Flowline power generator

A flowline power generator especially adapted for use on a conduit or flowline carrying petroleum or hydrocarbon products is disclosed. A valve body incorporated in the flowline redirects at least a portion of the fluid flowing through the flowline into engagement with a turbine which drives an electrical generator. A gate valve is provided for bypassing the turbine to permit all of the flow in the conduit to bypass the power generator, and yet provide substantially the same pressure drop to protect downstream equipment from high-pressure surges. In the bypass configuration, the power generator can be repaired or completely removed. The valve body can be incorporated into the flowline with no power generator attached, and power generators can be subsequently installed at prescribed locations along the conduit.

BACKGROUND OF THE INVENTION 
1. Field of the Invention 
This invention relates to the generation of mechanical or electrical power 
from the fluid dynamic energy of a fluid transported through a flowline or 
a pipeline and, more particularly, relates to the selective generation of 
electrical power at remote locations on a flowline or pipeline used to 
transport fluids without substantially changing the downstream fluid 
pressure in the flowline. 
2. Description of the Prior Art 
Electrical power is acquired for many operations performed in conjunction 
with the production, gathering, and distribution of fluids and various 
flow media in the petroleum industry. For example, multi-well gathering 
facilities require electrical power for heater/treater control panel, 
separator control panels, tank and flowline heaters, fire protection 
asistance, gas detector systems, electrohydraulic pumps, chemical 
injection pumps, telemetry equipment, and microprocessor-based control 
systems. Electrical power is also necessary on remote wells such as carbon 
dioxide producing and injection wells, gas injection wells, and water 
flood sites. Electrical power is necessary for actuating adjustable 
flowline chokes, power and flowline heaters, safety systems, and 
microprocessor-based telemetry equipment. Electrical power is necessary on 
pipelines, near pipeline valves for power in control systems for valve 
operators, line break systems, electrohydraulic power packs, and telemetry 
equipment.

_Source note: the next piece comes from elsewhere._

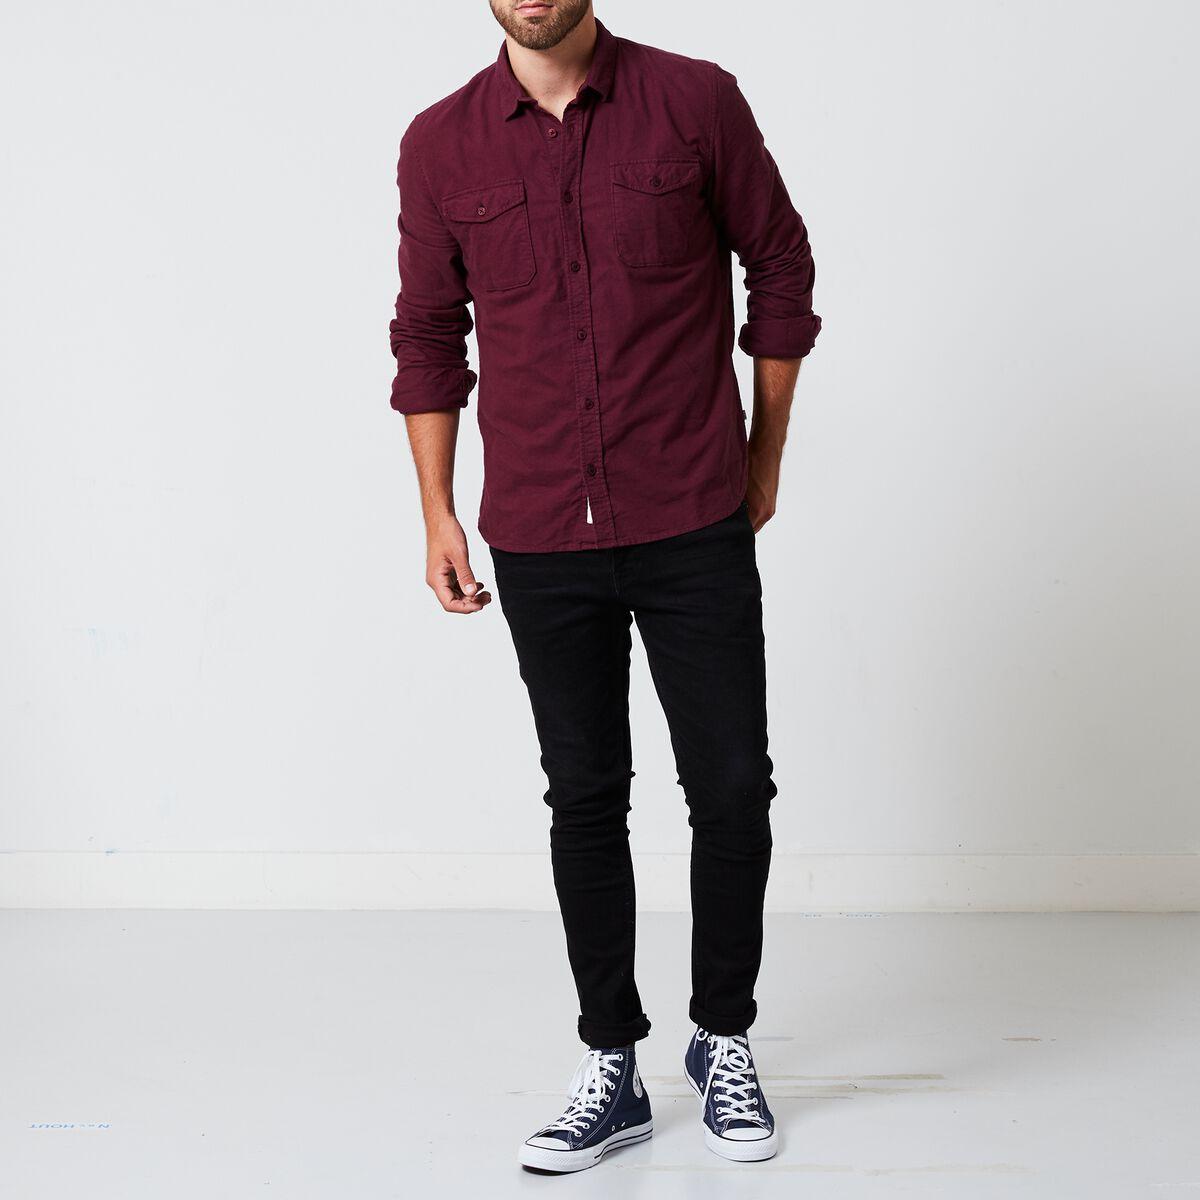 Heren Overhemd Rood.Heren Overhemd Hyder Rood Kopen Online America Today

In offshore applications, electrical power is necessary for 
navigation systems such as fog horns, navigation lights, and communication 
systems. In short, there are a number of remote locations where continuous 
electrical power or intermittent electrical power is required for 
performing operations in the petroleum industry. In many of these 
locations it is uneconomical to employ engine-driven generators. Solar 
array panels have been employed to provide electrical power in remote 
locations. In offshore applications, marine cable has been laid to provide 
electrical power at remote locations. 
Various prior devices have been used in an attempt to generate electrical 
power from the fluid dynamic energy of a working fluid flowing through a 
line or pipeline in the petroleum industry. These systems have commonly 
employed impellers or turbine rotors mounted in the flowline with the axis 
extending either parallel to or coincident with the axis of the flowline, 
to generate sufficient shaft horsepower to drive a conventional electrical 
generator. For example, shaft-driven brush commutated DC permanent magnet 
generators driven by coaxial mud turbines have been employed downhole in a 
pipe string to power well logging and other equipment. 

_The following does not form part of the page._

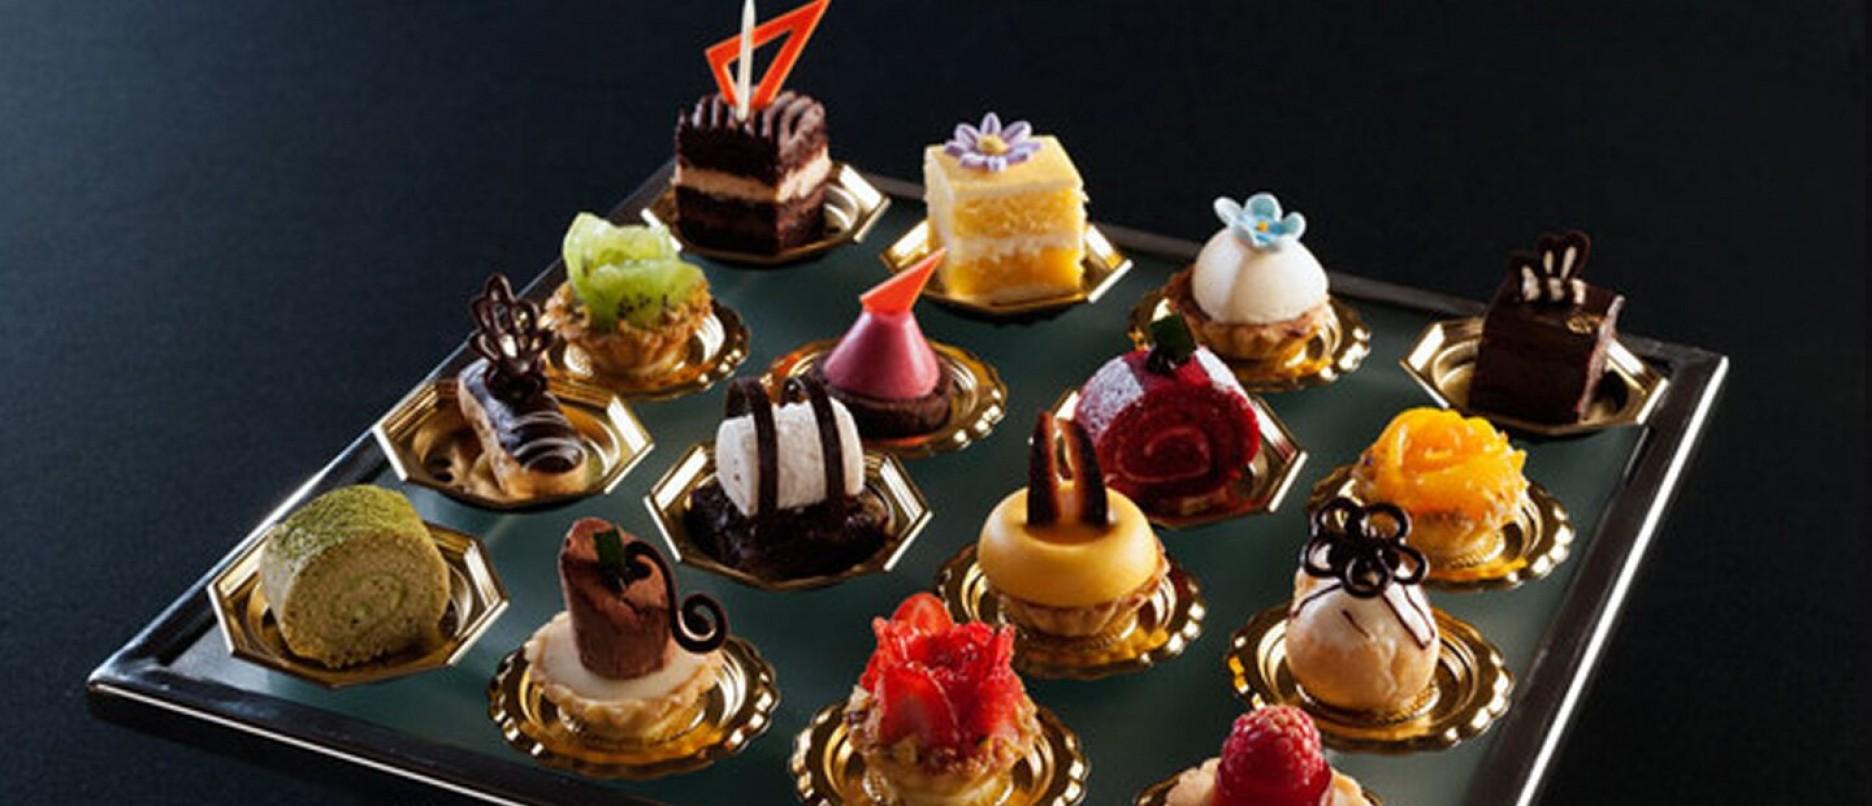 The Cake Shop 4

In addition to conventional axial flow turbines, shaft horsepower has also 
been developed in other applications by use of impulse turbines powered by 
fluids engaging the turbines at their periphery. Impulse turbines driven 
by a series of nozzles located on the periphery of a chamber containing 
the turbine are disclosed in U.S. Pat. Nos. 4,060,336 and 4,150,918. 

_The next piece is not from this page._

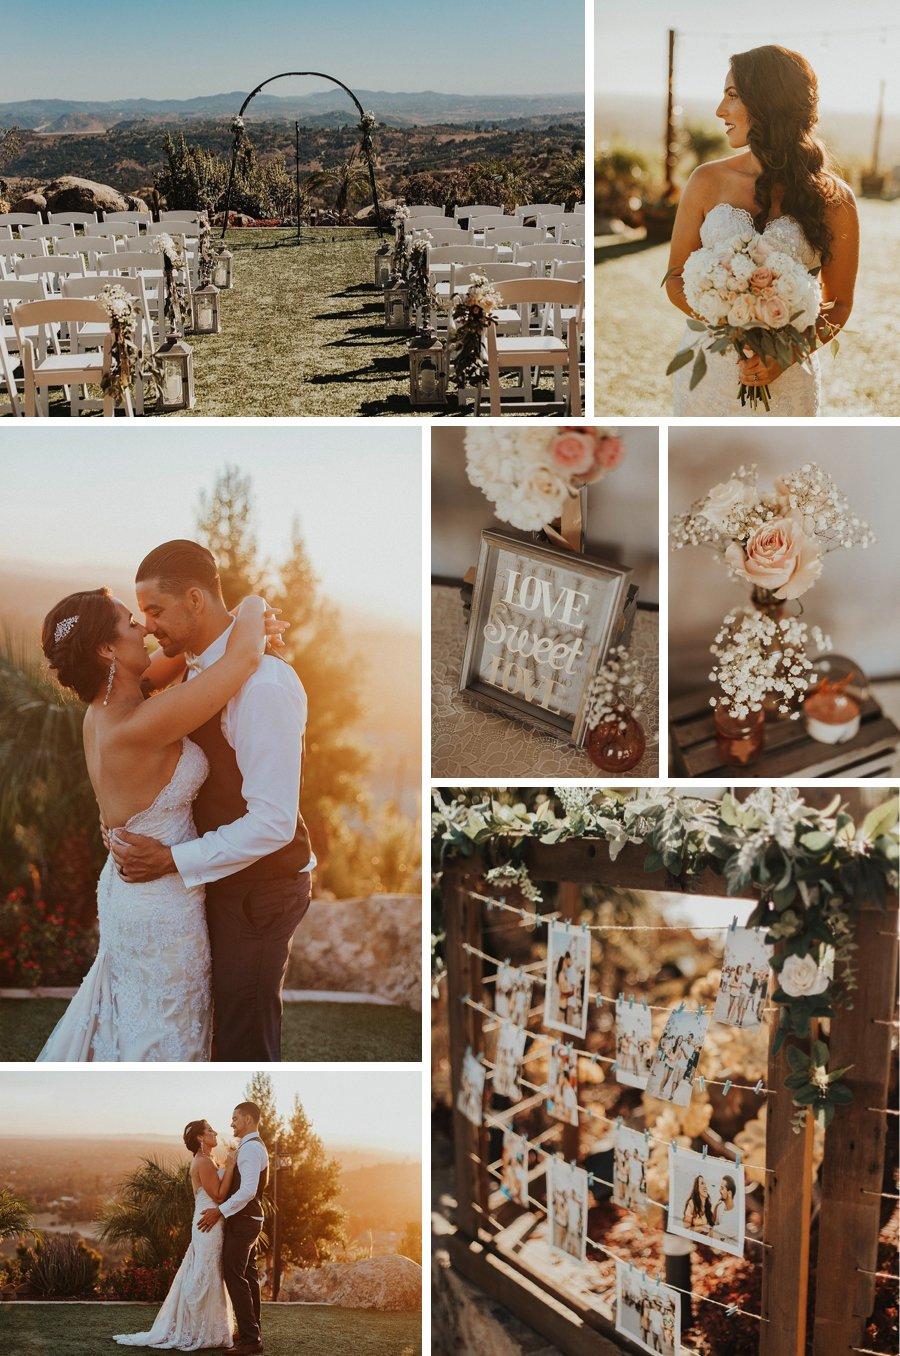 Real wedding: Californian hilltop and tacos

No prior art method or apparatus using a turbine-driven generator to 
convert the fluid dynamic energy of a working fluid in a flowline into 
electrical power is known in which the turbine-driven generator may be 
attached or removed while the fluid is flowing through the line and 
without substantially changing the downstream fluid pressure as a 
consequence of such attachment or removal. Furthermore, no prior device 
provides for a selective fluid bypass capable of bypassing fluids around 
the turbine when electrical power is not required, and also permitting 
selective actuation of the turbine as desired without substantially 
affecting the downstream fluid pressure. 
SUMMARY OF THE INVENTION 
A method and apparatus for use in converting the fluid dynamic energy of a 
fluid flowing in a conduit, flowline, or pipeline to electrical energy 
available at prescribed locations intermediate the ends of the conduit 
comprises a fluid pressure engine, such as a turbine, driven by the fluid 
flowing in the conduit, connected to an electrical generator. A separate 
member such as a valve body is incorporable in the flowline at each 
prescribed location and the turbine and generator can be attached to the 
valve body. The valve body comprises a diverter tube apparatus for 
redirecting at least a portion of the flow in the conduit along a path 
transverse to the conduit. The redirected fluid is brought into engagement 
with the rotary turbine to generate shaft horsepower from the pressure 
drop of the working fluid through a nozzle located adjacent to the 
periphery of the turbine. In the preferred embodiment, the turbine rotates 
about an axis transverse or perpendicular to the axis of the fluid conduit 
or flowline. A bypass passage communicating with the valve body and 
shiftable between first and second positions, provides the means for 
diverting fluid from engagement with the turbine. This bypass passage can 
be shifted into a position communicating between both the upstream and 
downstream sections of the conduit. With the bypass passage communicating 
between the upstream and downstream conduit sections, the turbine and the 
generator can be removed from the valve body without interferring with the 
flow through the conduit or pipeline. Use of a valve body having this 
internal bypass section also permits attachment of a turbine generator at 
any location in which the valve body is incorporated into the conduit at 
any time during operation of the pipeline. The bypass section or gate is 
manipulated externally so that the bypass section or gate can remain 
closed until it becomes necessary to actuate the turbine power generator. 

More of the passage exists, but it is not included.